Congress passed COPPA in 1998, and the FTC’s COPPA Rule, went into effect in 2000. It was meant to give parents control over the online collection of personal information from their children (considered by the law to be anyone under age 13). The law applies to operators of digital platforms intended for children, such as gaming websites, as well as any digital platform with “actual knowledge” that children are using it. COPPA requires these operators to inform parents about the type of personal information they collect from their children, how it is used, and when it might be disclosed. They must also obtain parental consent before collecting, using, or disclosing a child’s personal information. Under COPPA, operators must give parents the opportunity to review the personal information collected from their child. They must also honor a parent’s request to delete their child’s information and cease further collection or use.
The FTC is responsible for writing and enforcing granular rules within COPPA’s statutory framework. In the nearly three decades since COPPA’s passage, the FTC has modified the COPPA rule only once—in 2013, to account for increased use of social media and mobile devices. Though FTC oversees enforcement of COPPA, it cannot sue violators for civil penalties under the law without first referring the case to the Department of Justice.
Since December, the FTC has been pursuing updates to the COPPA rule that would strengthen security requirements for sensitive personal information, limit data retention, require a separate opt-in for targeted advertising, and prevent operators from sending push notifications that nudge kids to stay online.

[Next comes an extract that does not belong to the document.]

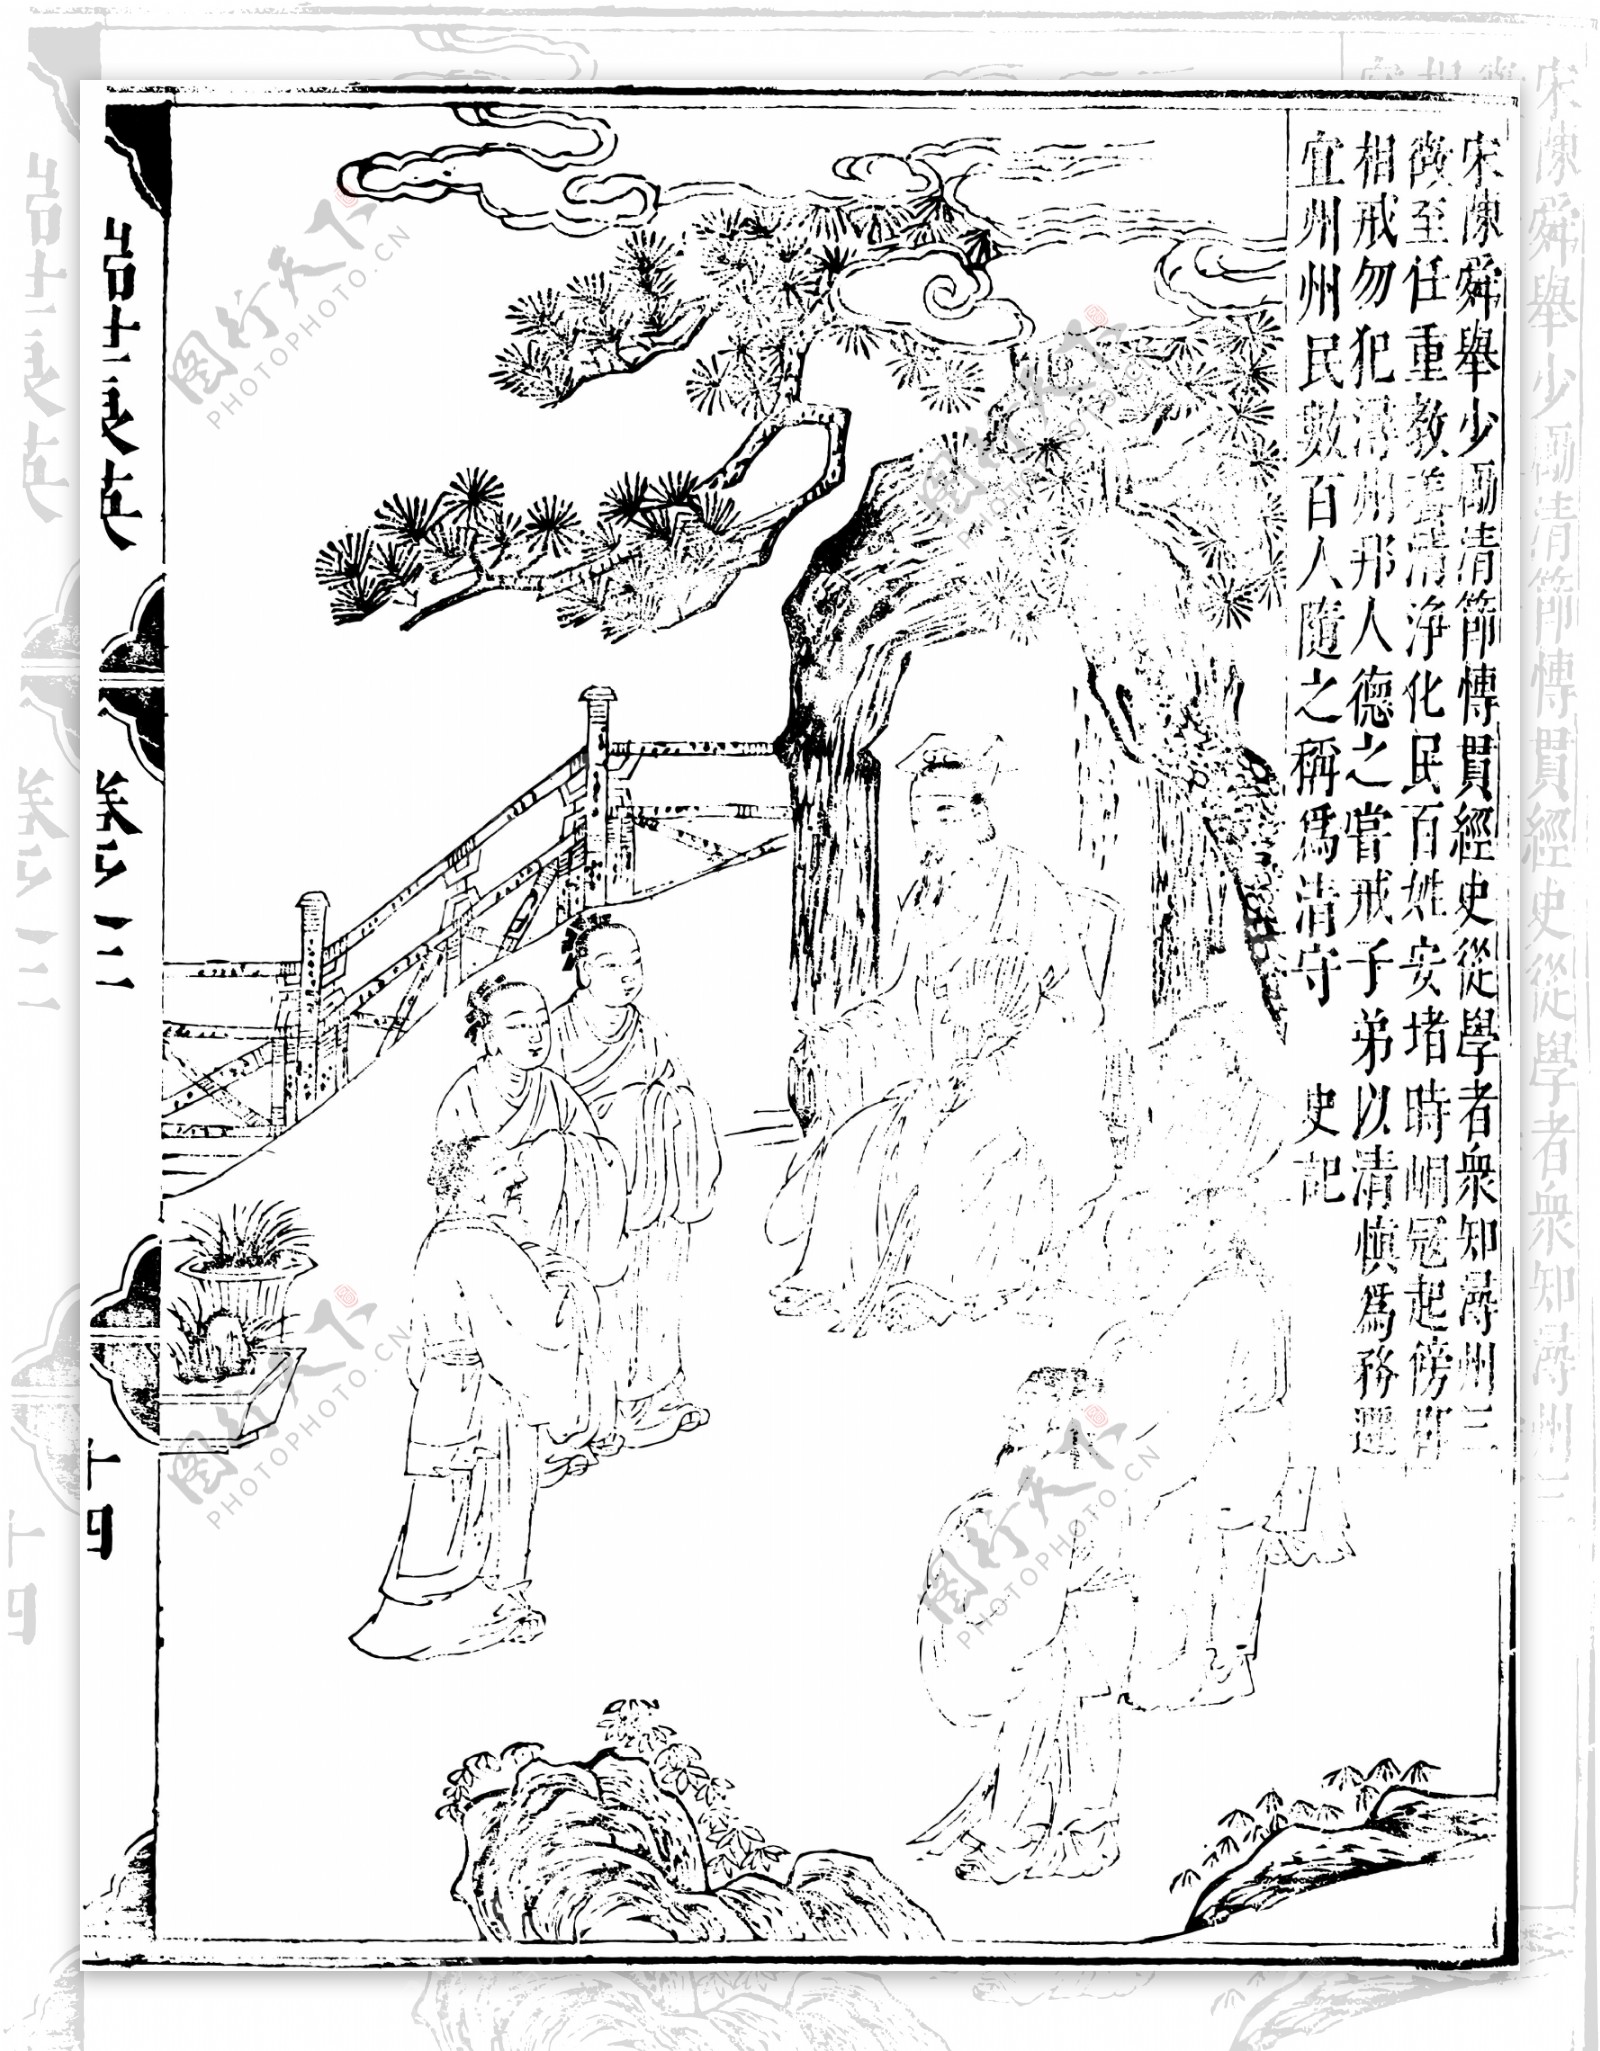 瑞世良英木刻版画中国传统文化87

The Children and Teens’ Online Privacy Protection Act, known as “COPPA 2.0,” has bipartisan support in both houses of Congress. The bill would expand the law to cover those up to age 16, close loopholes allowing platforms to ignore the presence of underage users, ban targeted advertising to children and teens, and make it easier for them or their parents to delete their data.
The FTC’s case against TikTok—and the support it has attracted in Congress—reflects a growing consensus about the need to protect children’s privacy from tech giants. COPPA has become critical in this increasingly combative digital landscape. In a recent House Innovation, Data, And Commerce Subcommittee hearing, FTC Commissioner Andrew N. Ferguson described consumer protection laws (such as COPPA) as “one of the last available avenues to address the many challenges posed by big tech.”
In recent years, the FTC has managed to secure much larger civil penalties under COPPA. Epic Games, the developer of Fortnite, paid $275 million for COPPA violations in a 2022 settlement. In 2023, Amazon paid $25 million to settle a COPPA suit involving Alexa devices. And last year, Microsoft paid a $20 million fine for COPPA violations pertaining to children’s Xbox accounts. With enforcement of the statute growing more vigorous, and mounting public scrutiny on TikTok, it seems unlikely ByteDance will escape with another slap on the wrist.